Carlos Alberto Pinzón Molina. Foto: Emilith Muñoz-La Silla Vacía.

La Silla Cachaca entrevistó a Carlos Pinzón Molina, el empresario sin empresa que ha logrado contratos con las alcaldías locales por 8.700 millones de pesos en los últimos tres años.


Fontibón360. –La entrevista develó algunos detalles de cómo este hombre pasó de ser un organizador de eventos deportivos en Kennedy y Suba, a ser uno de los mayores contratistas del Distrito.

Aseguró que no tiene amigos concejales, pero admitió que es cercano a algunos ediles. Recalcó que se formó en la calle y que desde los 17 años hace torneos deportivos.

No me quería quedar asalariado toda la vida ni trabajar de 8 a.m. a 5 p.m.”, manifestó a La Silla Cachaca para explicar por qué un día decidió que en adelante le apuntaría a ser contratista.

Y lo hizo con mucho éxito aunque, para ser justos, las ejecuciones de sus proyectos, al menos en Fontibón, no han salido bien: los culturales se han quejado de la pobreza de su gestión, de improvisaciones, demoras en los pagos y suspensiones injustificadas de los contratos.

Sobre eso, Carlos Pinzón Molina dijo que no es cierto que haya incumplido contratos porque “no hay ningún certificado que así lo diga. Ninguna ‘ía’ (Contraloría, Fiscalía, Personería, Veeduría) puede mostrar un contrato que yo haya incumplido. Han pasado cinco alcaldes mayores diferentes, cada uno con sus 20 alcaldes locales, y ninguno me puede decir que un contrato no se ejecutó bien. Hasta donde sé, no tengo ninguna investigación”.

Precisamente, el contratista considera que es bueno en lo que hace y que lo que ha pasado es que lo cogieron como “chivo expiatorio” algunos concejales del partido Alianza Verde y está en la mira de Polo Democrático.

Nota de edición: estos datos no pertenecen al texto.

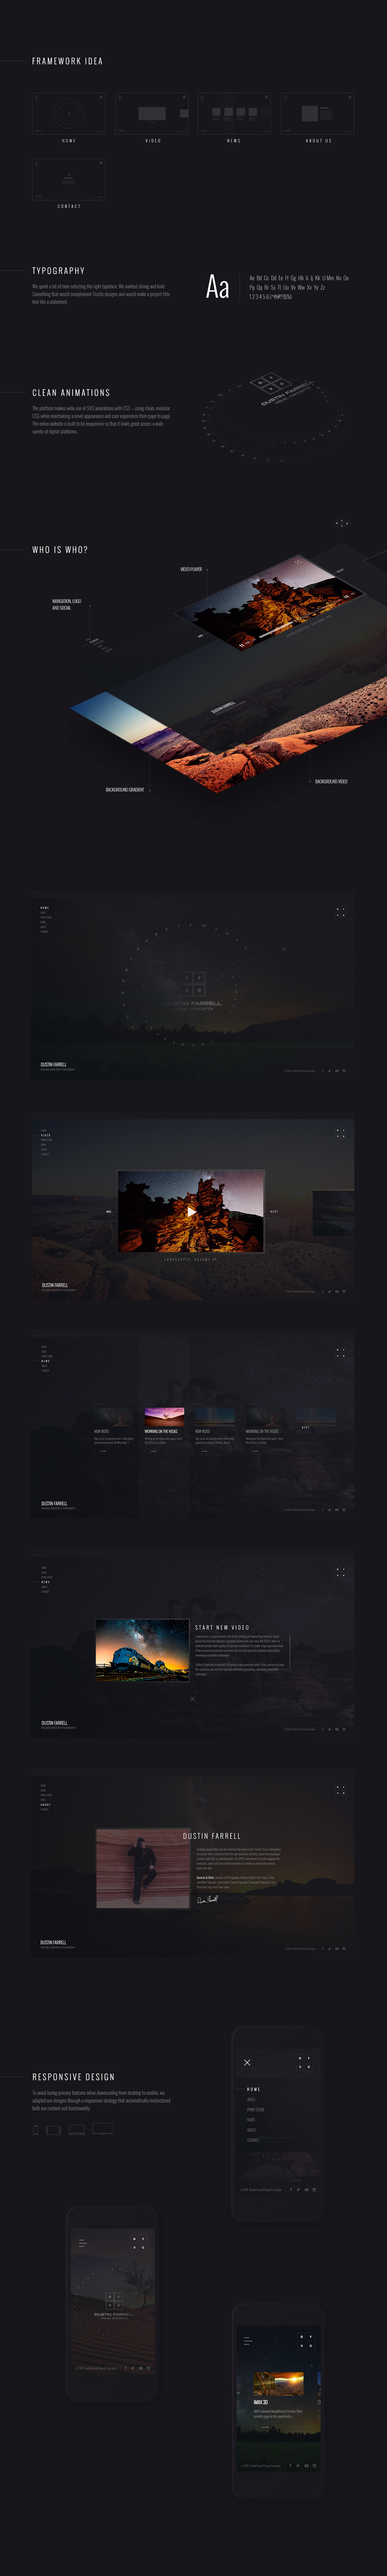 Web Siiz minimal portfolio gallery black promo Website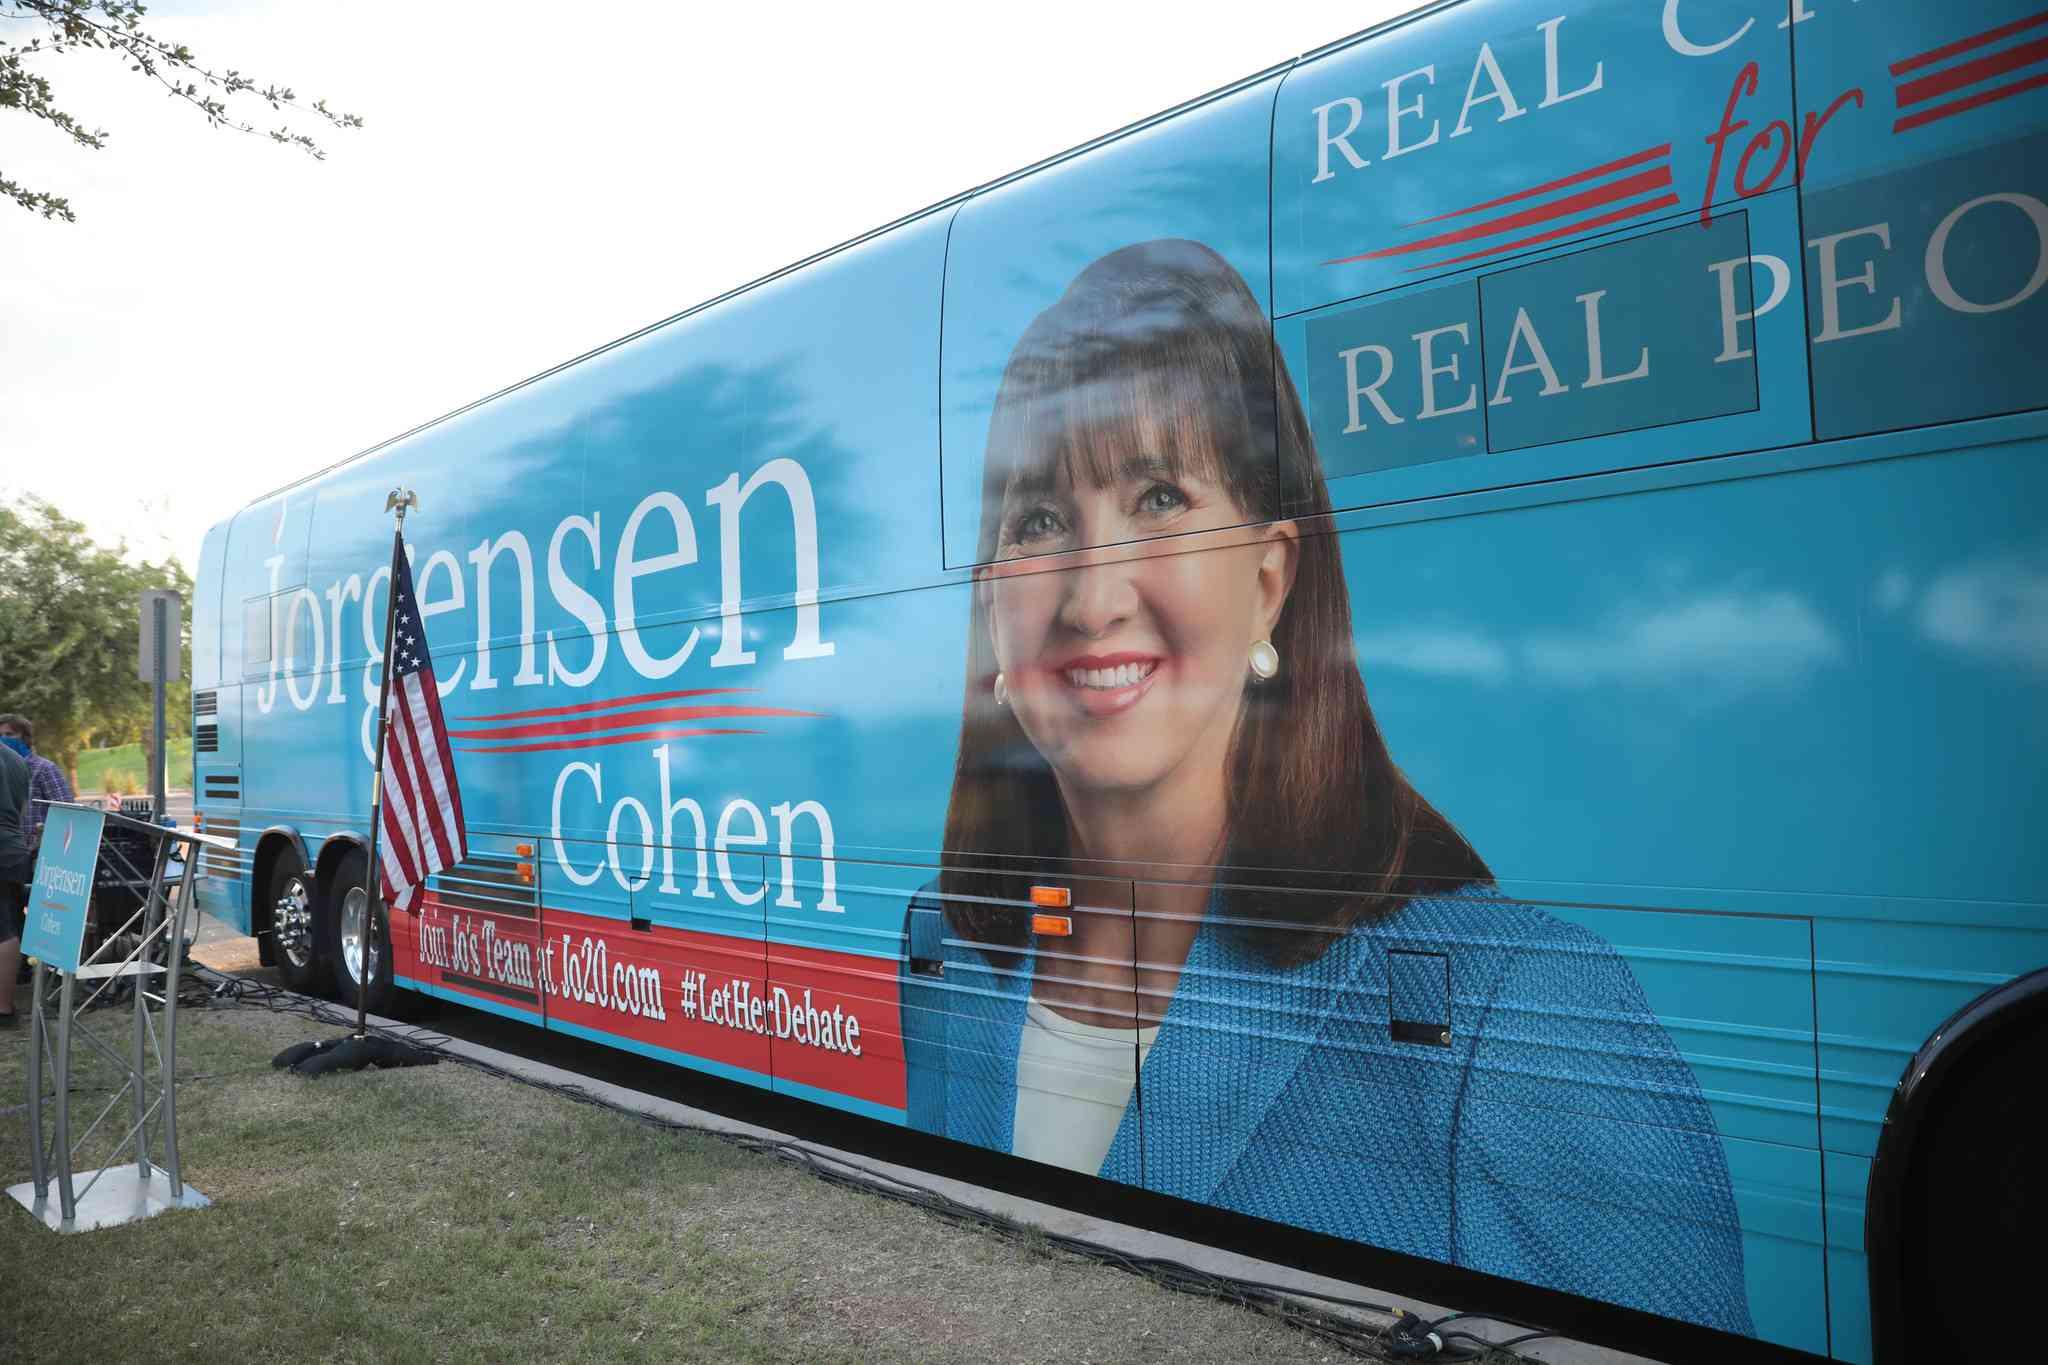 Jo Jorgensen's image on a campaign bus

“En el Concejo hicieron ver como si yo cogiera esa plata (unos 6.000 millones de pesos, según él) y me la metiera en el bolsillo. Pero no se ve que en un contrato de esos usted tiene que pagar la nómina de unos profesionales que van a atender, entregar una dotación deportiva o musical, o pagar espacios, impuestos, gastos del contrato (camisetas, cartillas, videos, dotaciones). En estos contratos el margen puede ser el 10 % o 15 %, calcule”, indicó el contratista.

Sin embargo, fuentes consultadas por F360 aseguraron que el verdadero negocio de Pinzón Molina está en contratarse a sí mismo –o a una de las 4 o 5 empresas con las que usualmente conforma uniones temporales– para sacar una mayor tajada del presupuesto asignado en la contratación.

Incluso, también se estaría aprovechando del desconocimiento de las personas o las organizaciones con las que contrata para la ejecución de los proyectos y descontar impuestos que no deberían ser descontados, aseguró la misma fuente a F360 con base en los pagos efectuados a los gestores culturales de la localidad.

Además, en la entrevista develó que le va mejor como persona natural que jurídica –en su caso sin usar el nombre de una empresa– y añadió que una de las prácticas más efectivas para sumar puntos en las licitaciones es la “mutación de actividad comercial”, es decir, que cada vez suma más códigos a su razón social para “abrir el mercado”. Según La Silla Cachaca, cuenta con 340 actividades registradas en la Cámara de Comercio de Bogotá.

Asimismo, se jactó de haber contratado hasta con la Presidencia de la República, de hablar en nombre del Distrito en eventos en donde apenas fue un ejecutor de proyectos, de organizar torneos hasta para 1.000 personas y de contar con un ‘staff’ de psicólogos para atender contratos de violencia intrafamiliar.

Una auténtica navaja suiza, perfectamente legal, pero éticamente inconveniente. Carlos Pinzón Molina resultó ser un perseguido, según dijo, y de estar “satanizado” por culpa del escándalo desatado en el Concejo de Bogotá.

Mi caso no lo hacen ver como lo he explicado, sino como corrupción”, señaló durante la entrevista.

“Uno escucha que en algunas alcaldías están intentando cerrar los pliegos para que yo no pueda participar, y eso es injusto e ilegal. Si yo tuviera alguna sanción, pues bueno, pero jurídicamente puedo seguir contratando”, acentuó el contratista.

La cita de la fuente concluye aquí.